In August 2019, Bolsonaro's government received international condemnation for ravaging fires in the Amazon rainforest. The fires were set by people to clear land for farming, mining, and other development.

Such fires are not unusual: Every dry season, which happens between August and October, sees an uptick in fires. Bolsonaro's critics, however, blamed last year’s notable increase in fires on a drop in oversight and an orchestrated day of burning around Novo Progresso in the state of Pará on August 10, which came to be known as “Fire Day.” The burning reportedly was organized using WhatsApp to show support for the president’s environmental policies.

The events led Germany and Norway to suspend financial support for the Fundo Amazonia (Amazon Fund) – created in 2008 to combat deforestation and finance prevention, monitoring, and conservation. The two European countries were the fund’s biggest contributors.

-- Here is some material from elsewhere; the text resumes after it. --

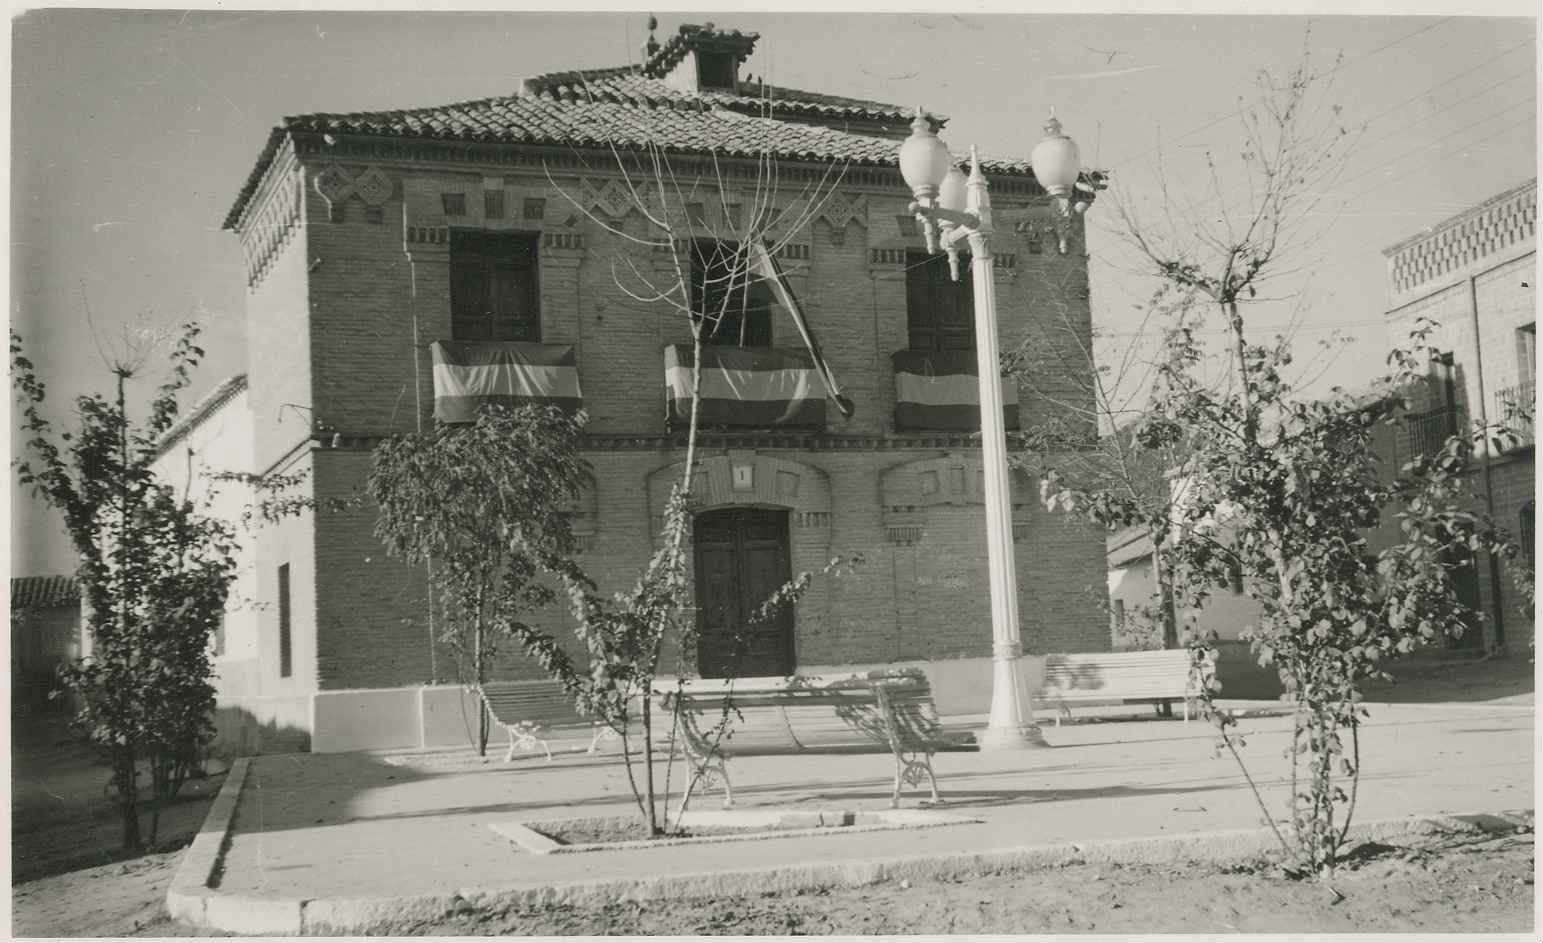 Camarenilla. Casa Ayuntamiento. 1958 (P-79)

In a response to the fires and the actions that followed, Bolsonaro accused environmental groups of starting the fires and said that Brazil didn’t need money from other countries to protect the rainforest.

Brazil ranks 55th in the 2020 Environmental Performance Index (EPI), designed by Yale University to analyze how 180 countries are addressing environmental challenges of our era. This was an improvement over the 2018 EPI report, in which the country was ranked 69th.

Still, Brazil remains far from the top, as Bolsonaro’s tweet implies, particularly in the category of terrestrial biome (such as grasslands, forests, deserts, and tundra) protection, where the country ranks 88th.